◆ **TASK**
Pictures aside, reproduce exactly and only the lines below, starting at the one containing "2 Orange onion lights, untested" and ending at the last line.

◆ **INFORMATION PROVIDED**
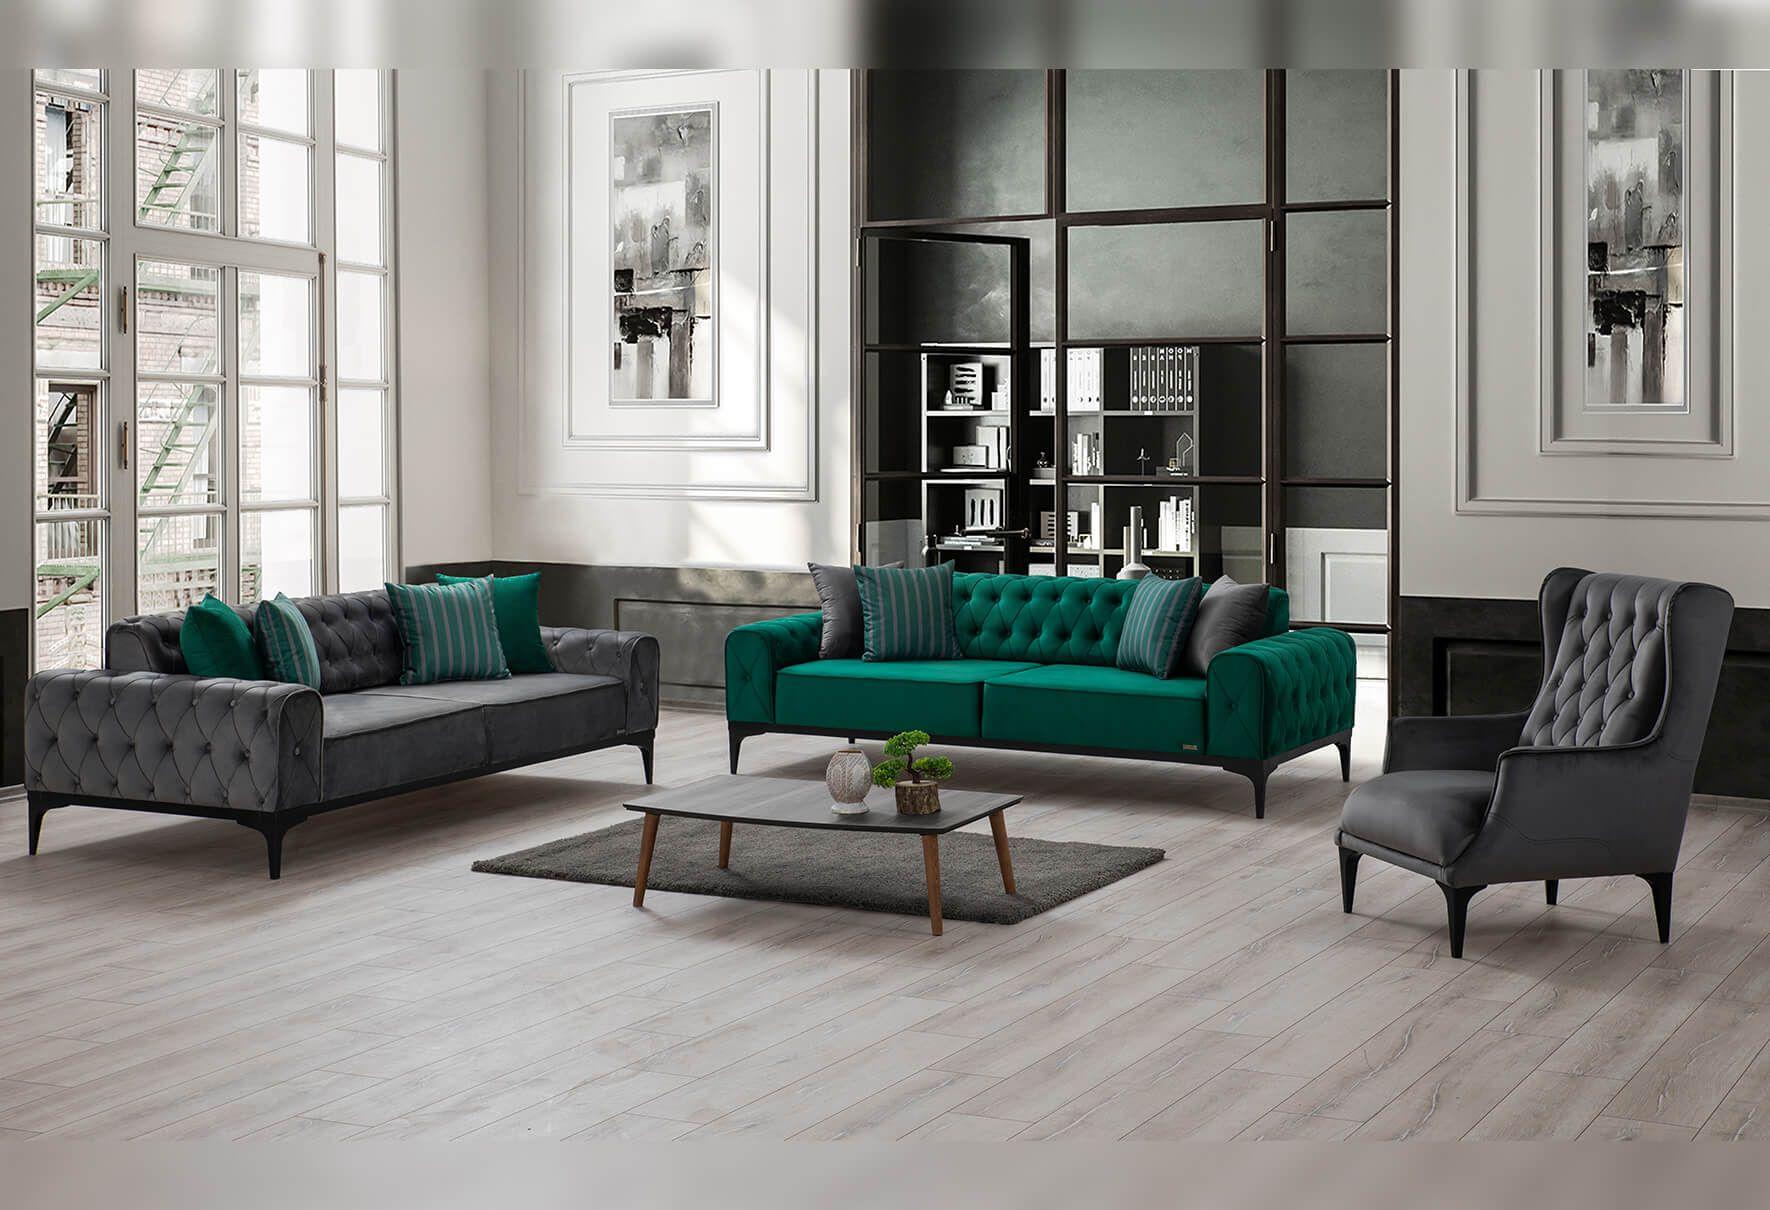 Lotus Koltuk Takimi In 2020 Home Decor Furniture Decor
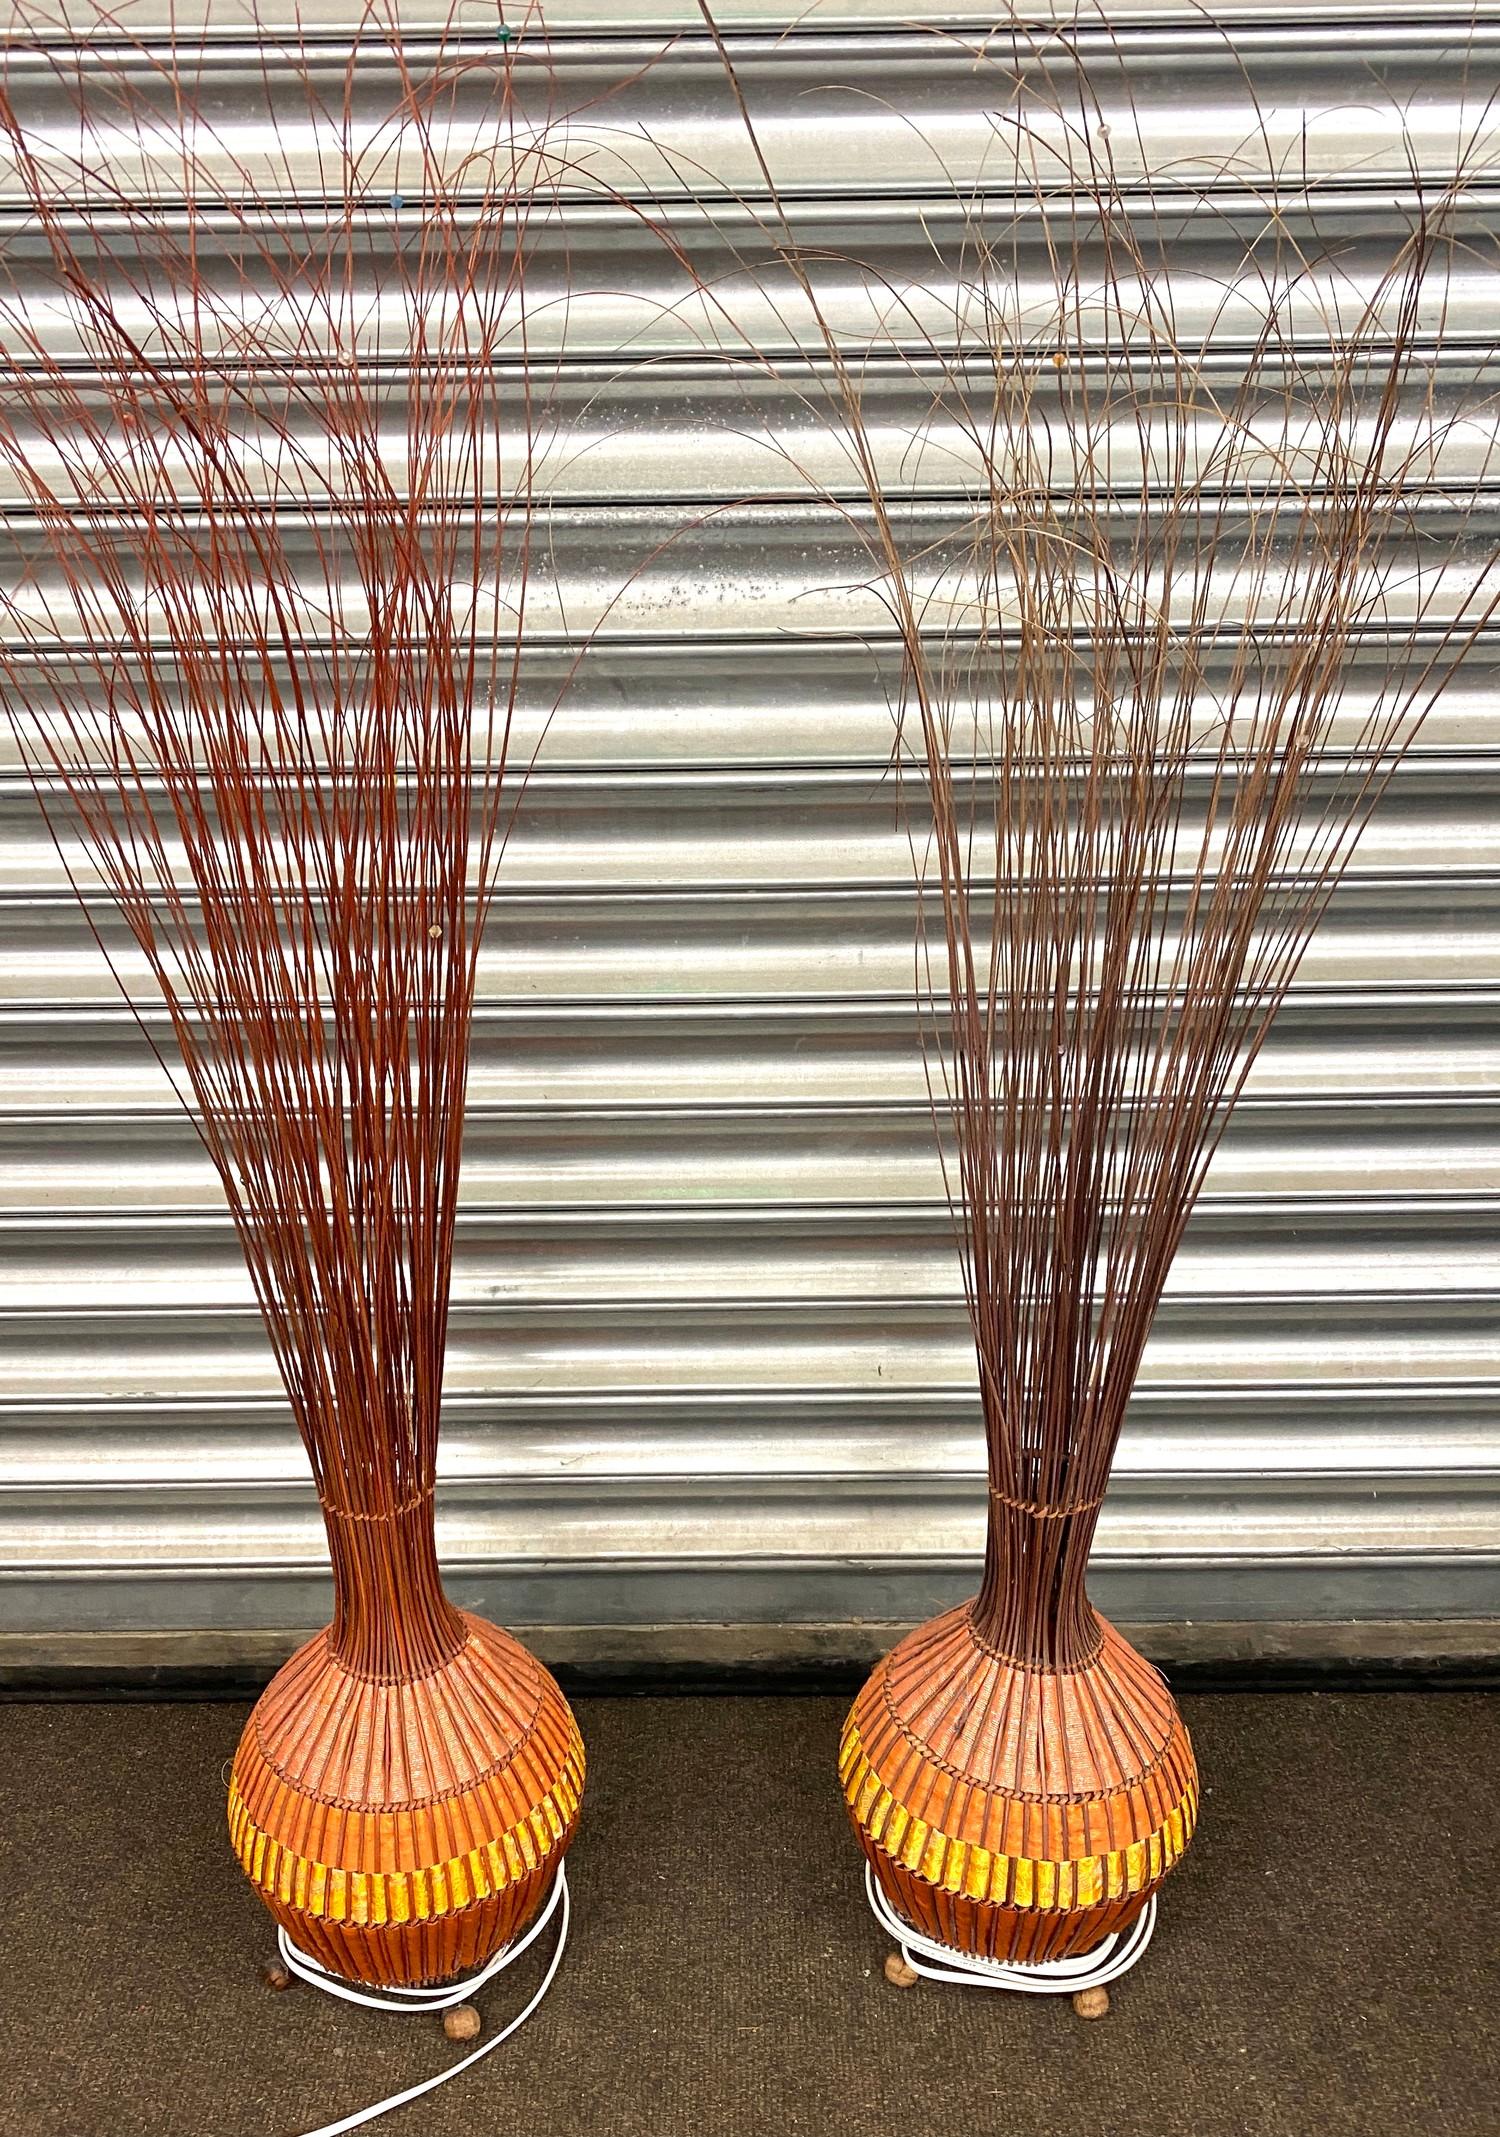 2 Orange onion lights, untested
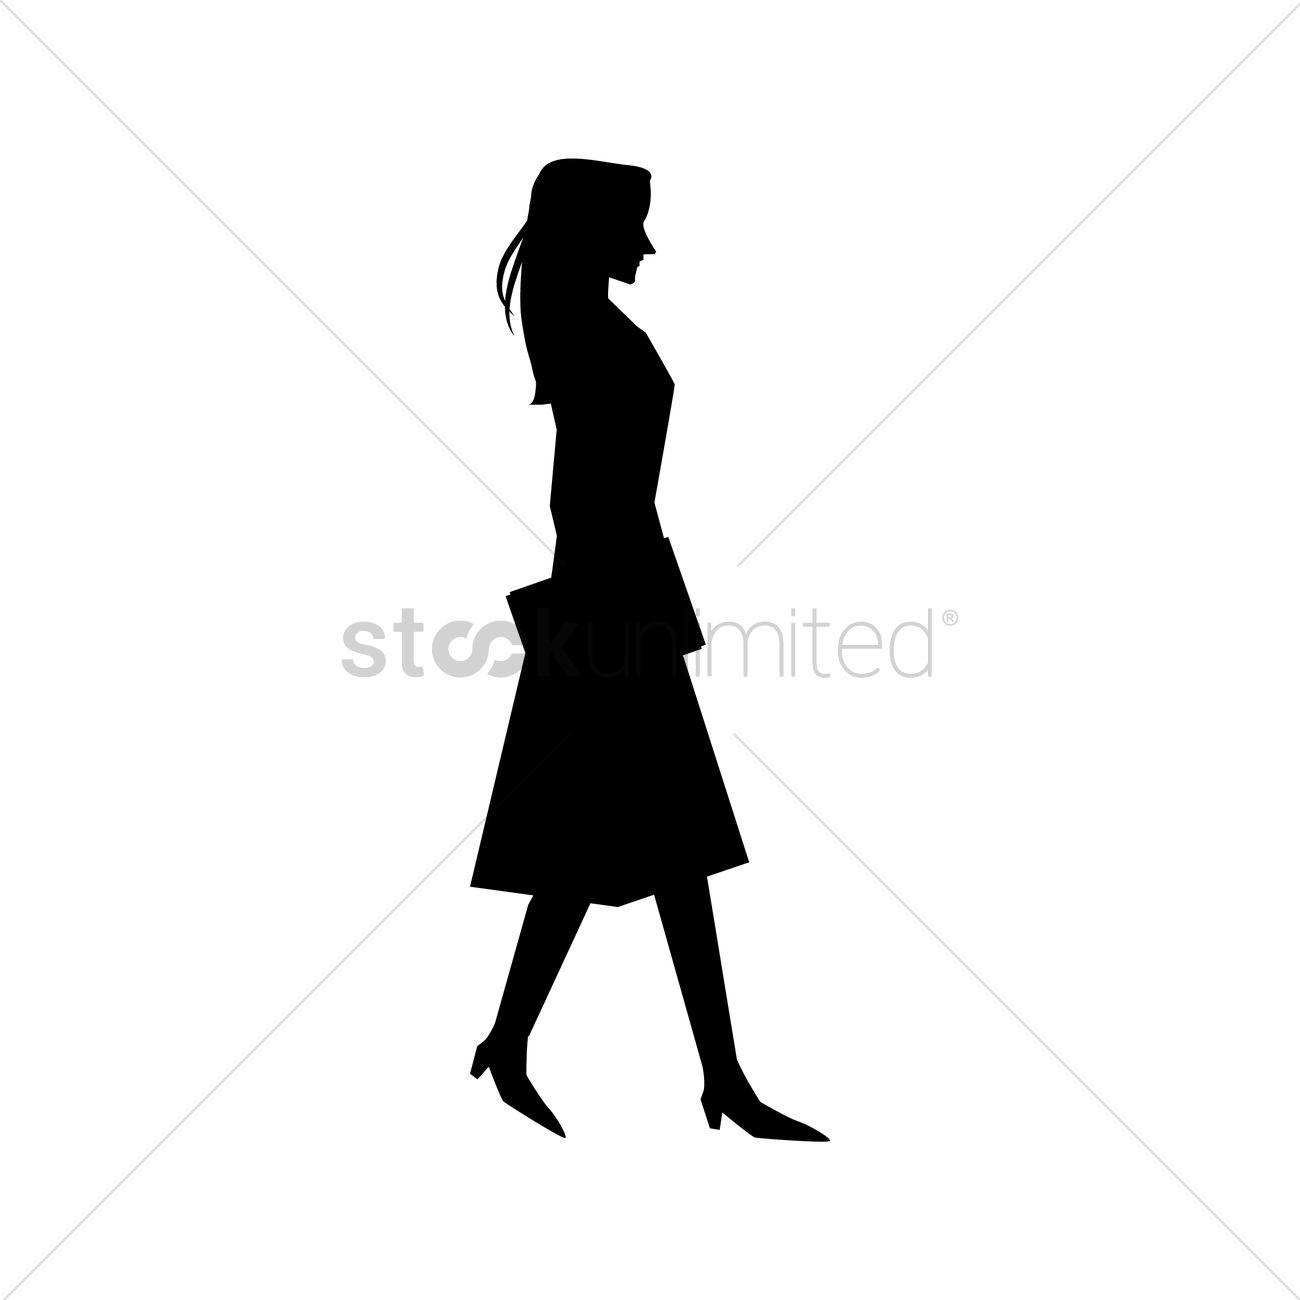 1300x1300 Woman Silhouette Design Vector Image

◆ **EXERCISE OUTPUT**
 2 Orange onion lights, untested
 1300x1300 Woman Silhouette Design Vector Image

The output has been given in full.